What to do
Start to finish, return the listing below exactly, pictures excluded.

Data excerpt
——————

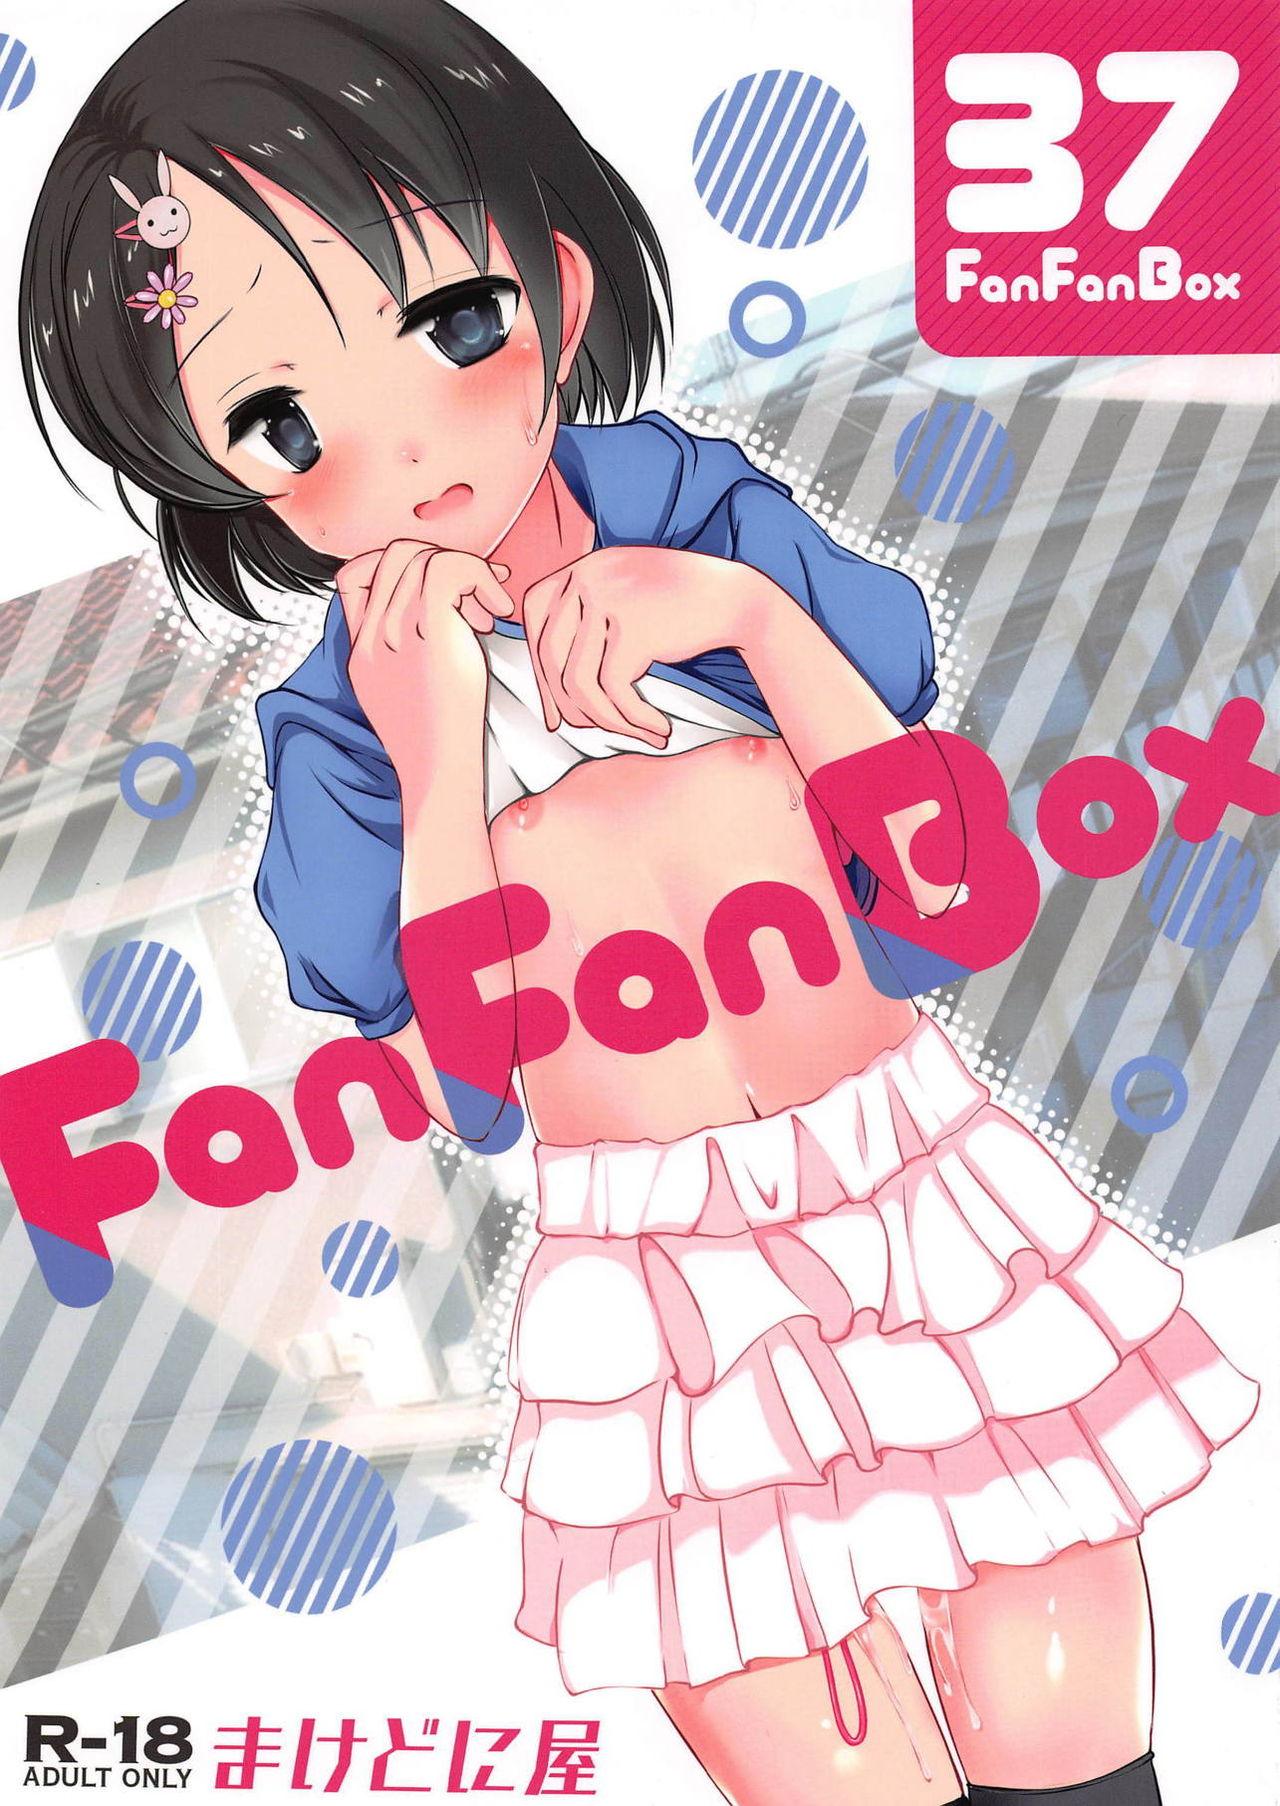 FanFanBox37 0
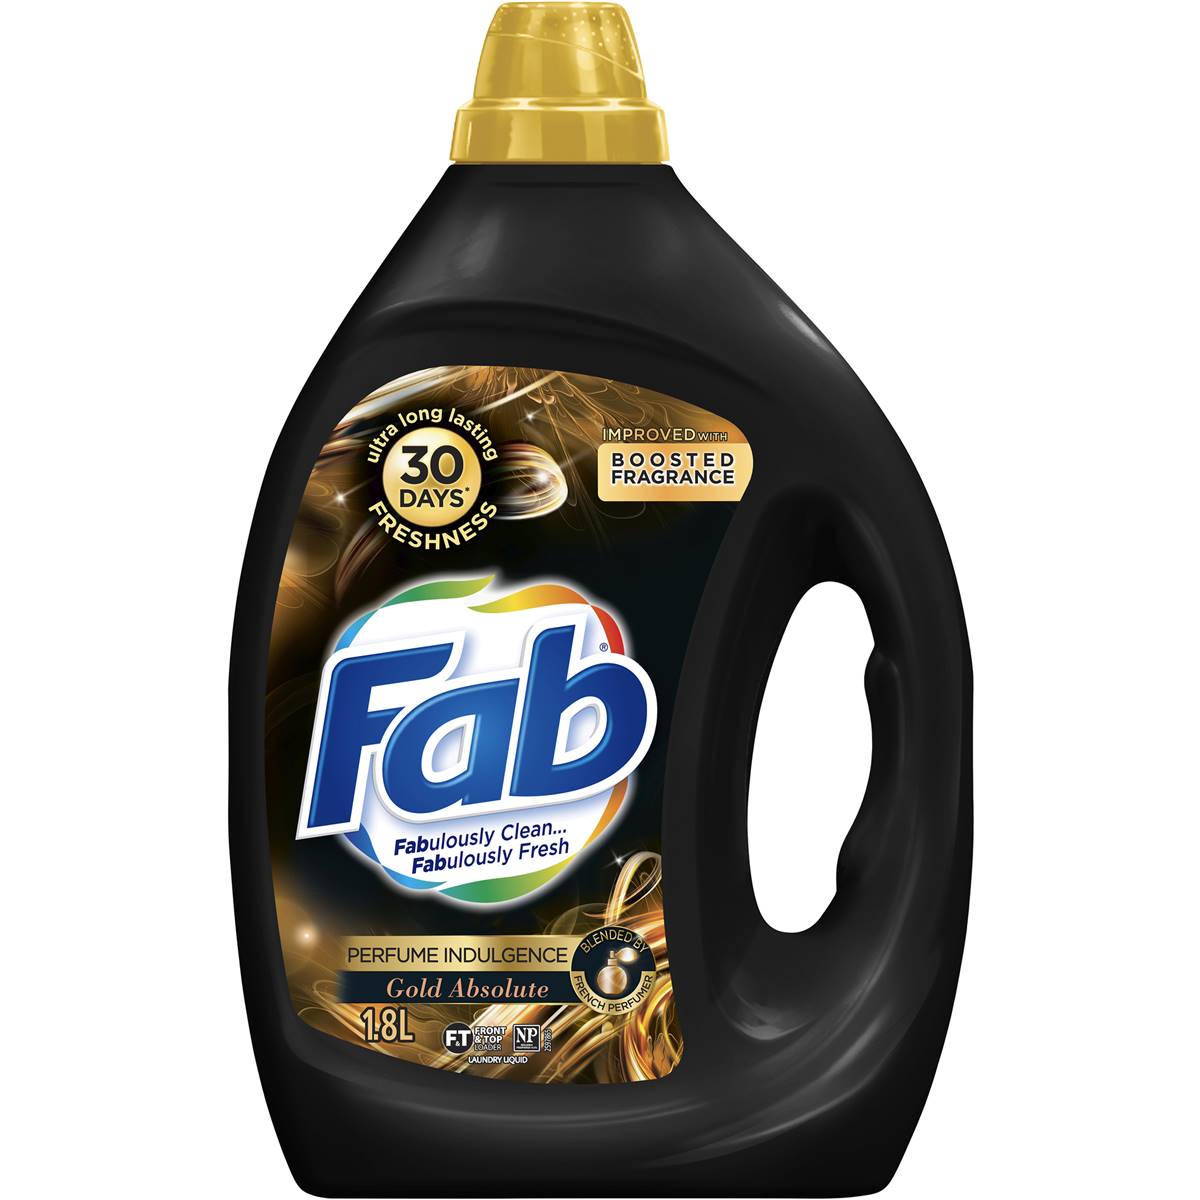 Fab Perfume Indulgence Gold Laundry Detergent Liquid 1.8l
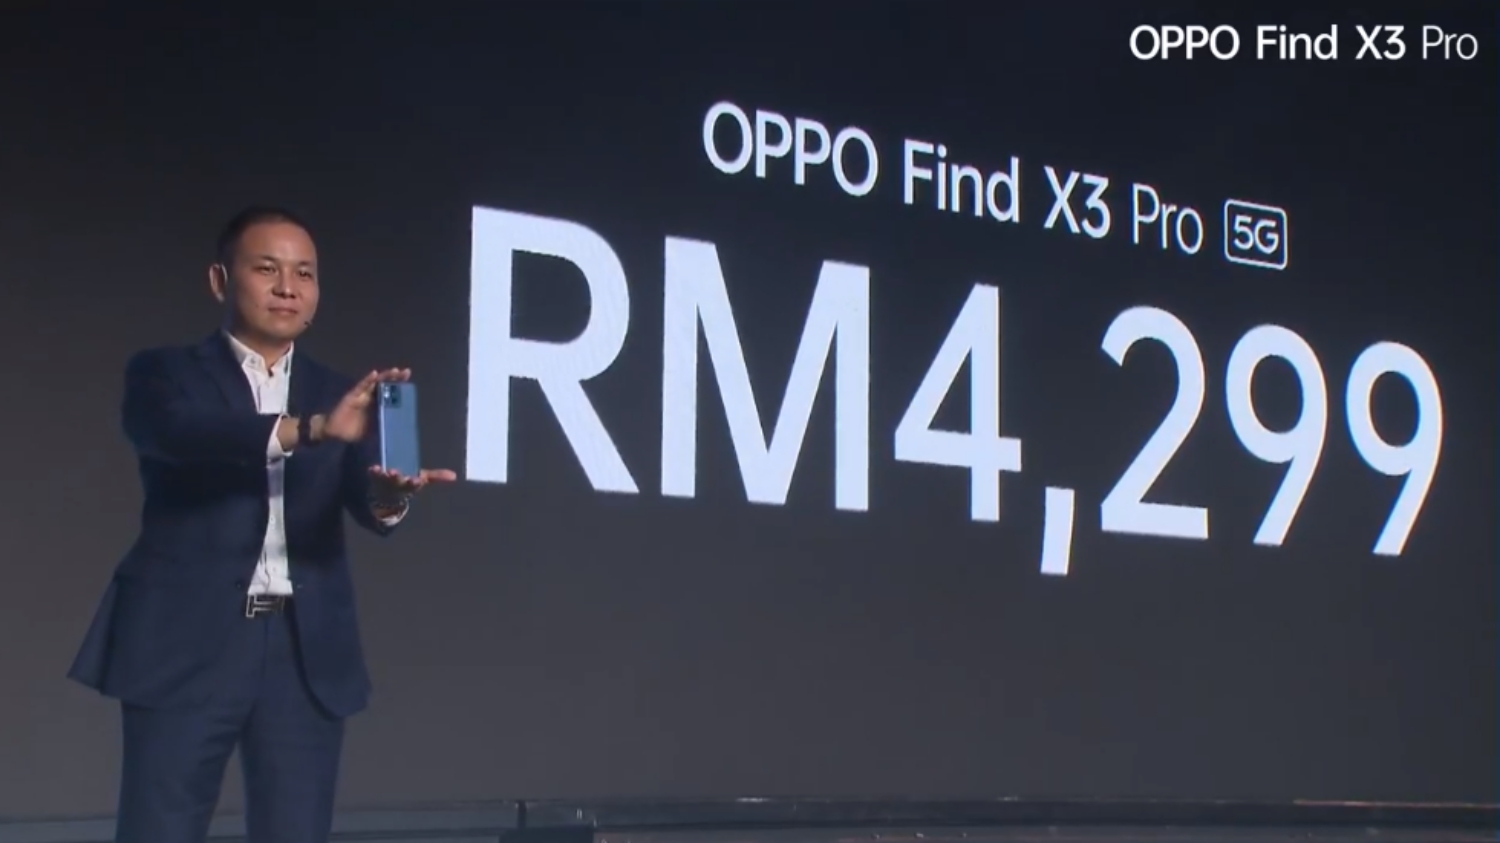 Oppo Find X3 Pro Boleh Didapati Di Malaysia Pada Harga RM4299
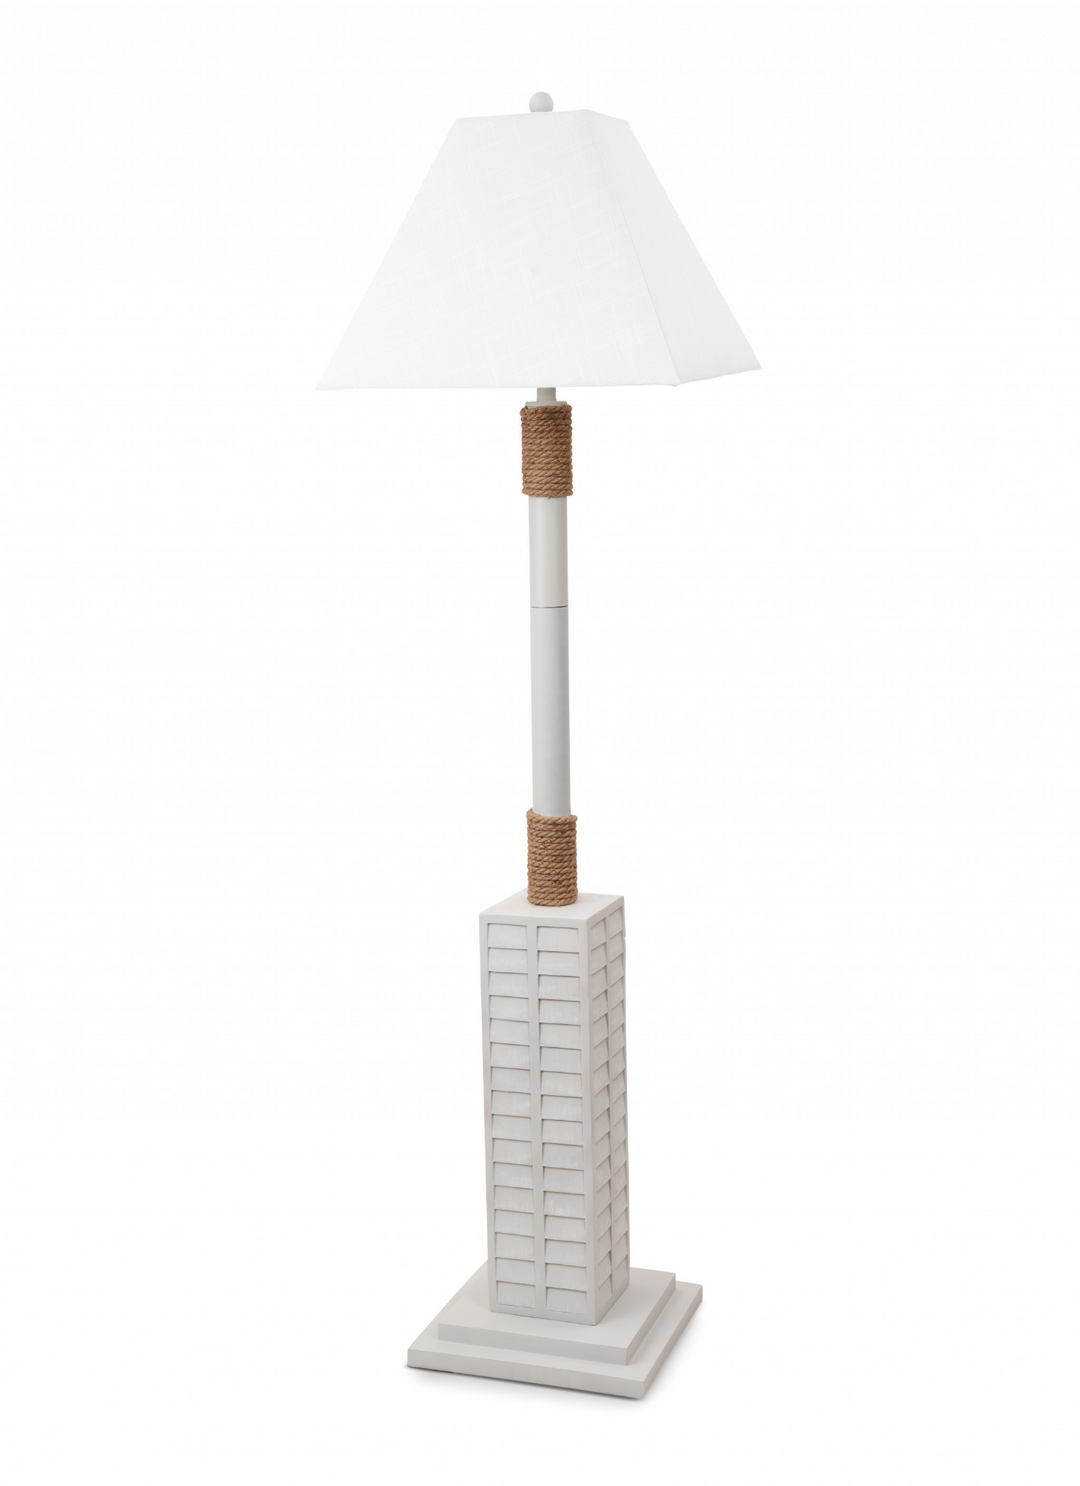 Boho Aesthetic Classic Bright White and Nautical Rope Floor Lamp | Biophilic Design Airbnb Decor Furniture

——————

Result of this task
 FanFanBox37 0
 Fab Perfume Indulgence Gold Laundry Detergent Liquid 1.8l
 Oppo Find X3 Pro Boleh Didapati Di Malaysia Pada Harga RM4299
 Boho Aesthetic Classic Bright White and Nautical Rope Floor Lamp | Biophilic Design Airbnb Decor Furniture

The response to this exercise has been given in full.